» Records to use:
########
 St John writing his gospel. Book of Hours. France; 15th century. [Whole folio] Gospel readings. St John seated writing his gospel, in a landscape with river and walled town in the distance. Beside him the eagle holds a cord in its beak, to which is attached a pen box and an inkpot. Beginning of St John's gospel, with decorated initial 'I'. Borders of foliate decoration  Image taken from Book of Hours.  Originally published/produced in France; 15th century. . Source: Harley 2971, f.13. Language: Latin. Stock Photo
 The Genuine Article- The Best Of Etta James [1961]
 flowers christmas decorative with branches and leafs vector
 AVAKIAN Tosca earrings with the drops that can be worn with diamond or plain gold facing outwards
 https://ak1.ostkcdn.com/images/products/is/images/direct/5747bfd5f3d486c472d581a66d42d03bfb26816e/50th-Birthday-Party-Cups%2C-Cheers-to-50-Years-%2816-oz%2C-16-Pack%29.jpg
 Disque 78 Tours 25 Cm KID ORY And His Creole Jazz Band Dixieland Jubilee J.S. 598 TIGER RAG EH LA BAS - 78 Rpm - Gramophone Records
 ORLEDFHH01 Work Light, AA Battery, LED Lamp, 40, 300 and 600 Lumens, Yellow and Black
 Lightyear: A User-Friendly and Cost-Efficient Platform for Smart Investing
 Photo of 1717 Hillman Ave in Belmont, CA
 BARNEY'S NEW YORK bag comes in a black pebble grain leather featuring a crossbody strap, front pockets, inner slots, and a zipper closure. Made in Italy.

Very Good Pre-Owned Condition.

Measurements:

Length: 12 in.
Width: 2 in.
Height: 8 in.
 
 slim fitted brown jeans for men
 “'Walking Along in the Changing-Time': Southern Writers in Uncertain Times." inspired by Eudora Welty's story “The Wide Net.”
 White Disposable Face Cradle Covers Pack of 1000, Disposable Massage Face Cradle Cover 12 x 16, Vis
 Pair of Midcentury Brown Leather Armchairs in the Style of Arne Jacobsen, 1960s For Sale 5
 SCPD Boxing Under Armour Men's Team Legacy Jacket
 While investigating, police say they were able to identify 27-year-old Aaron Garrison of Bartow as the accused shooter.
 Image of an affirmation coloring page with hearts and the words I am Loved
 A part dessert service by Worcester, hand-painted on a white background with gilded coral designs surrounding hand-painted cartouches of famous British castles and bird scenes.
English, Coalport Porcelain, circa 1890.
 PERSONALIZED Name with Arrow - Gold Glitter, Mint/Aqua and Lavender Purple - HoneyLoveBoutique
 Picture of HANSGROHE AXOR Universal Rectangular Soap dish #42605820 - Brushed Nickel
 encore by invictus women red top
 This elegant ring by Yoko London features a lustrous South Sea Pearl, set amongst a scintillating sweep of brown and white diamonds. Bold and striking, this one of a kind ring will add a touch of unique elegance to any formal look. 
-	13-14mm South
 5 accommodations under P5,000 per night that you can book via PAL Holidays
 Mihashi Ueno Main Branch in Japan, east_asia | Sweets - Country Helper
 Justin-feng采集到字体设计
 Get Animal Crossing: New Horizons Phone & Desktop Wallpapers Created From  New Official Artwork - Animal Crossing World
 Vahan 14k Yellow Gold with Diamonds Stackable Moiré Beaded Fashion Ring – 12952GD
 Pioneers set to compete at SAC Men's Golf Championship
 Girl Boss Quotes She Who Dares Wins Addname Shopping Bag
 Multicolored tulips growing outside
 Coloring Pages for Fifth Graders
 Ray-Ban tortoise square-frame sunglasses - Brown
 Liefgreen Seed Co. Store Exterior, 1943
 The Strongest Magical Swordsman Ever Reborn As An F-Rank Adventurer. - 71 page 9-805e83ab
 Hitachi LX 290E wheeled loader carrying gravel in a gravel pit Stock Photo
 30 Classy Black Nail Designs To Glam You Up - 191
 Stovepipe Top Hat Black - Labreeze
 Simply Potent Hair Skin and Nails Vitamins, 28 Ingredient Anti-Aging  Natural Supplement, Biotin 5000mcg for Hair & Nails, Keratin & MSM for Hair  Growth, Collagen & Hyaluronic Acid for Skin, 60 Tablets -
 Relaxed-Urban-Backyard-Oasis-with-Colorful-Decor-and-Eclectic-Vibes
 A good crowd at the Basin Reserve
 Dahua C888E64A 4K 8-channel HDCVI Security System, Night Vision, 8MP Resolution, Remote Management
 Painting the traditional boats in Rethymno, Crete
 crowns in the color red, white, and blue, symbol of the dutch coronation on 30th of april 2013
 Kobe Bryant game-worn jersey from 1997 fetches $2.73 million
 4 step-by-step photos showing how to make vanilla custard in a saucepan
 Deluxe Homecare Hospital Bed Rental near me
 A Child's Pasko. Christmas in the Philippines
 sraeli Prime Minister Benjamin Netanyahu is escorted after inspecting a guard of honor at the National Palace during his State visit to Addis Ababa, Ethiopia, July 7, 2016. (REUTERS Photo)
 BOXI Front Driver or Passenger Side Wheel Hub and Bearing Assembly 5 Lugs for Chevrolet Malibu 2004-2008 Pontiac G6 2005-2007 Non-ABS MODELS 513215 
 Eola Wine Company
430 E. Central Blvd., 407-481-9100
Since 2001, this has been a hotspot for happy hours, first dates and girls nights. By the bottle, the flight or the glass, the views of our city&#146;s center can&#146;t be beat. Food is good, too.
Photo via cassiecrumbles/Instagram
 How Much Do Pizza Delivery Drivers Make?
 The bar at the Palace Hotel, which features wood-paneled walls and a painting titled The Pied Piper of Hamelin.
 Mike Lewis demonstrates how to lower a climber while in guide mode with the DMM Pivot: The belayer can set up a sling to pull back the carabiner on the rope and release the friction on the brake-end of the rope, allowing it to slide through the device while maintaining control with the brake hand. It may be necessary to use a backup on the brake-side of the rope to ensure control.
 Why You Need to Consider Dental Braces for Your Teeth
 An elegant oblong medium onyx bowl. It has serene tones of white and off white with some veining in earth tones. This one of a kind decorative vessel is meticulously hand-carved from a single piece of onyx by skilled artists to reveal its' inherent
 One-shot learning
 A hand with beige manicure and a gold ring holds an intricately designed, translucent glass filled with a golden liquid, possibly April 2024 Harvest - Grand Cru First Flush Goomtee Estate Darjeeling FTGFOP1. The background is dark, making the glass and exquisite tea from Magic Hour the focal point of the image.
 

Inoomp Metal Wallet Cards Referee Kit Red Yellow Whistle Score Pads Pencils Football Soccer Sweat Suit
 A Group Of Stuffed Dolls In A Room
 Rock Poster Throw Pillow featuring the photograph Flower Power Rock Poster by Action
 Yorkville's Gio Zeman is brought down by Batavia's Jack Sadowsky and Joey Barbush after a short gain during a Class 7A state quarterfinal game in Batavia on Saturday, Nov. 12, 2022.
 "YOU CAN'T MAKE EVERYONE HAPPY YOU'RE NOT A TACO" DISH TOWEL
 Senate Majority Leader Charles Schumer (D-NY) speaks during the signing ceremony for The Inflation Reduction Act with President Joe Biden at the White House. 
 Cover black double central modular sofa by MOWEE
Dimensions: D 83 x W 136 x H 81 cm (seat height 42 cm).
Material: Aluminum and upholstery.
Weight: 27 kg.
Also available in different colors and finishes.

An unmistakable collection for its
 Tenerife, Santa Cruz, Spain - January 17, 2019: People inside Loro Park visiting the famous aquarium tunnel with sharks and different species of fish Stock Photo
########
Show each line from the listing above that includes the word "features".

 This elegant ring by Yoko London features a lustrous South Sea Pearl, set amongst a scintillating sweep of brown and white diamonds. Bold and striking, this one of a kind ring will add a touch of unique elegance to any formal look. 
 The bar at the Palace Hotel, which features wood-paneled walls and a painting titled The Pied Piper of Hamelin.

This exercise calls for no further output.